7 июля. Ввечеру догнал нас английский фрегат «Ливия» под начальством капитана Дункена, хотя тремя днями позже нас вышел, но имел благополучные ветры и был в ходу лучше наших шлюпов. Я отослал ему депеши, которые взял для доставления статс-секретарю в Англию; мы оба ложились в дрейф; после некоторых взаимных приветствий простились, наполнили паруса, и темнота следующей ночи нас разлучила.
9 июля. Находясь на широтесеверной 47°30', видели погодовестников, летающих около шлюпов; мы их встречали повсюду, и в самых больших широтах Южного полушария, и в полосе между поворотными кругами; теперь встретили и в Северном полушарии, близ Английского канала.
10 июля. В 9 часов вечера 10 июля с фор-марса-рея усмотрели огонь Лизардского маяка и при западном ветре взяли курс в параллель южных берегов Англии.
11 июля. Когда рассвело, увидели восемь судов в разных направлениях. В 7 часов утра встретил нас лавирующий лоцманский бот; сии боты обыкновенно держатся при входе в канал, чтоб быть в готовности вести суда каналом, за что должно платить до Довера по двадцати фунтов стерлингов за каждое судно; я не счел за нужное брать лоцмана при благополучном ветре. Другой такой же бот подошел к шлюпу «Мирный», который также не взял лоцмана.
12 июля. В 10 часов утра, находясь у Довера, мы взяли лоцманов, чтобы нас провели узкостями. В 10 часов вечера, пройдя оные, увидели Галоперский маяк, легли в дрейф и отпустили лоцманов, заплатив каждому пятнадцать фунтов стерлингов. Канал между Англией и Францией беспрерывно покрыт разной величины судами, в разных направлениях идущими, и зрение мореплавателя всегда приятно занято. При благополучном ветре, с порывами и дождем, мы продолжали путь к Скагерраку.
15 и 17 июля. В 5 часов пополудни прошли маяк Скаген. Назавтра, 17 июля, у Кол маяка, взяв лоцмана, в 2 часа пополудни прошли мимо Эльсинора. Салют производится выстрел за выстрел. На Эльсинорском рейде в числе прочих судов стоял на якоре транспорт «Урал», шел к городу Архангельску. В 6 часов сего же вечера положили якорь на Копенгагенском рейде, по северную сторону Мидельгрунта, на глубине десяти сажен.
18 июля. Мы остановились на якоре единственно для того, чтоб переждать темноту. Немедля послали гребные суда в Копенгаген купить свежей говядины и зелени для служителей, и следующего утра опять вступили под паруса. Балтийское море прошли при благополучном ветре, и с нами ничего примечания достойного не случилось.
24 июля. В 6 часов утра 24 июля достигли Кронштадта, салютовали крепости и стали на якорь на том самом месте, с которого отправились в путь.
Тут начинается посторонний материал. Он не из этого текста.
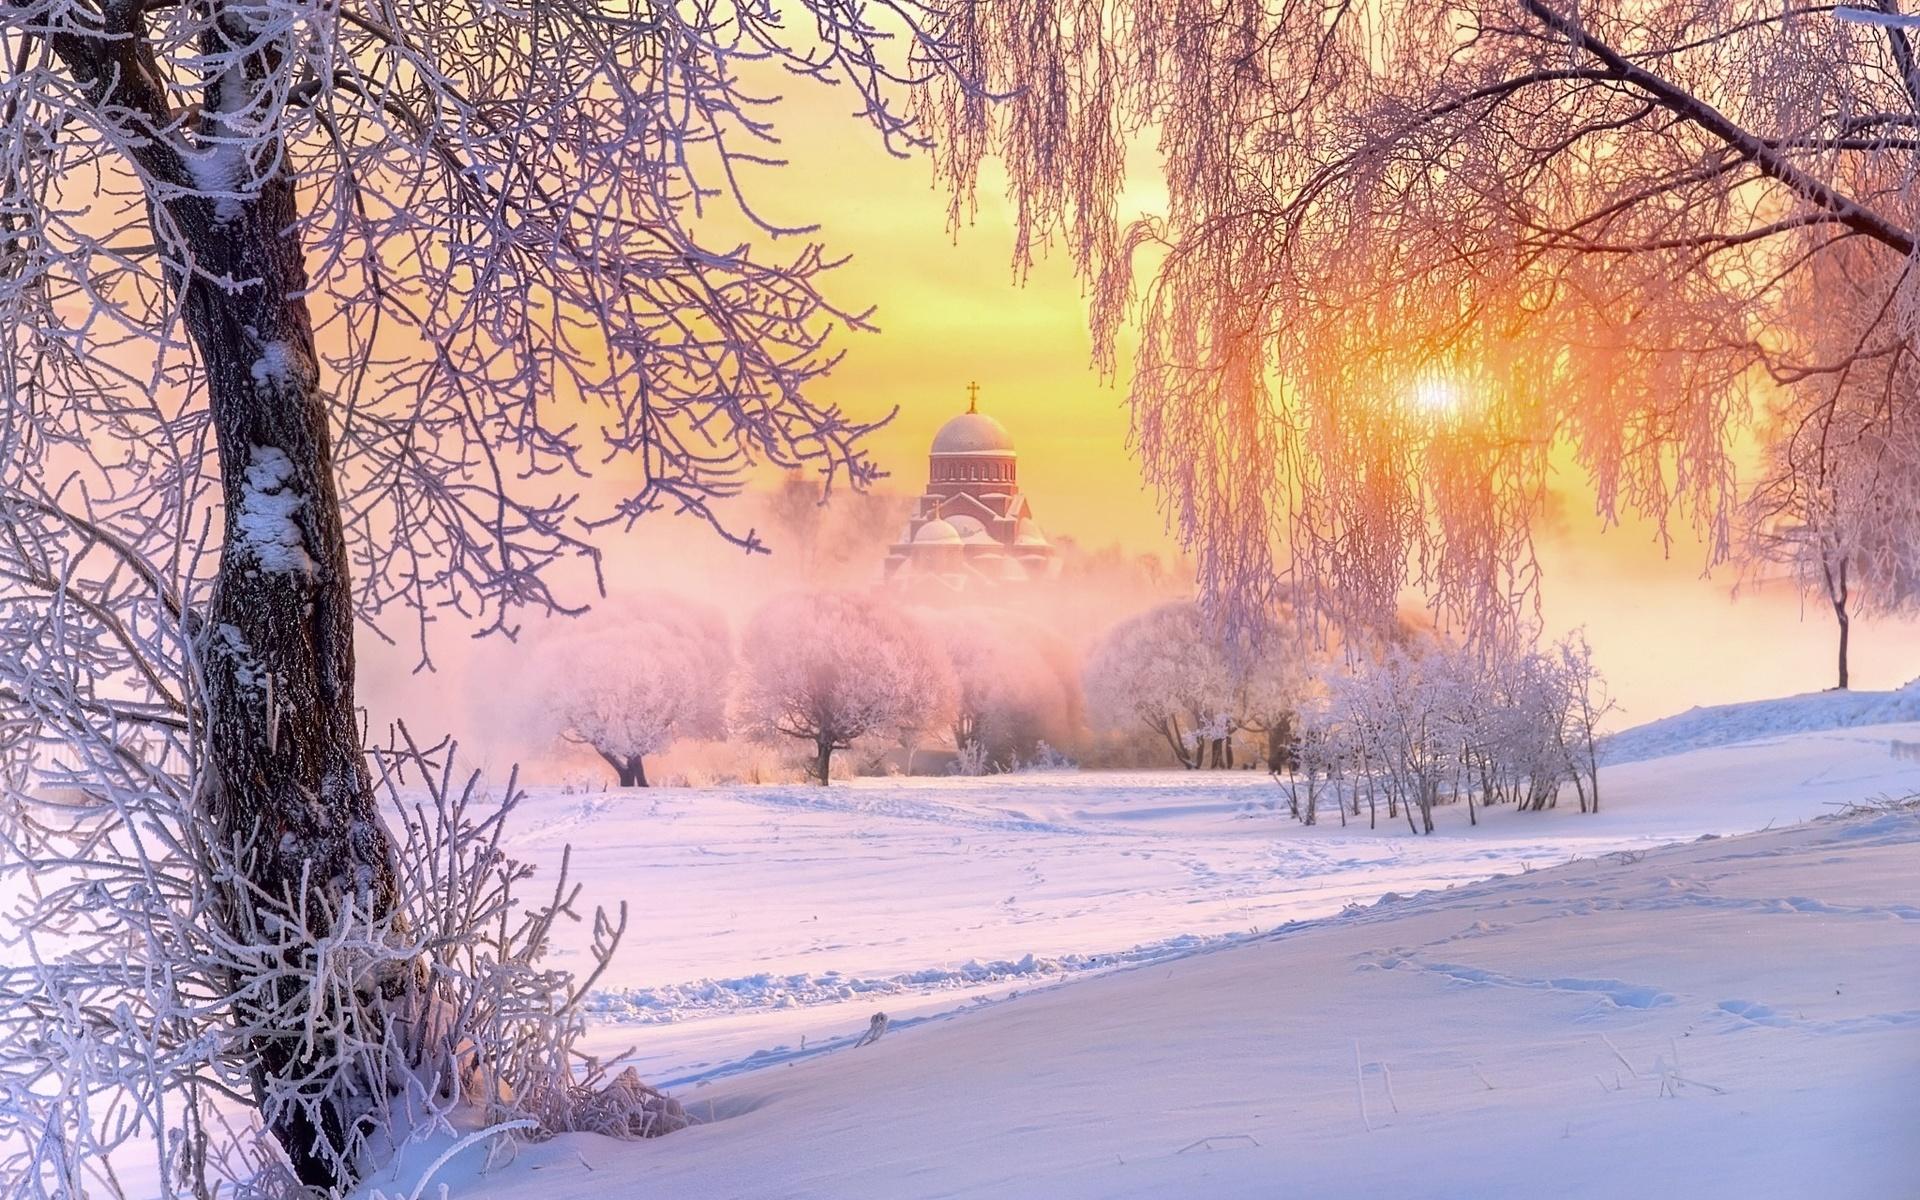 кафе антарес красивые картинки солнца и снега свет заставляет нас

Отсутствие наше продолжалось 751 день; из сего числа дней мы в разных местах стояли на якоре 224, под парусами находились 527 дней; в сложности прошли всего 86 475 верст; пространство сие в 2 1/4 раза более больших кругов на земном шаре.
В продолжение плавания нашего обретено двадцать девять островов, в том числе в южном холодном поясе – два, в южном умеренном – восемь, а девятнадцать – в жарком поясе; обретена одна коральная мель с лагуной.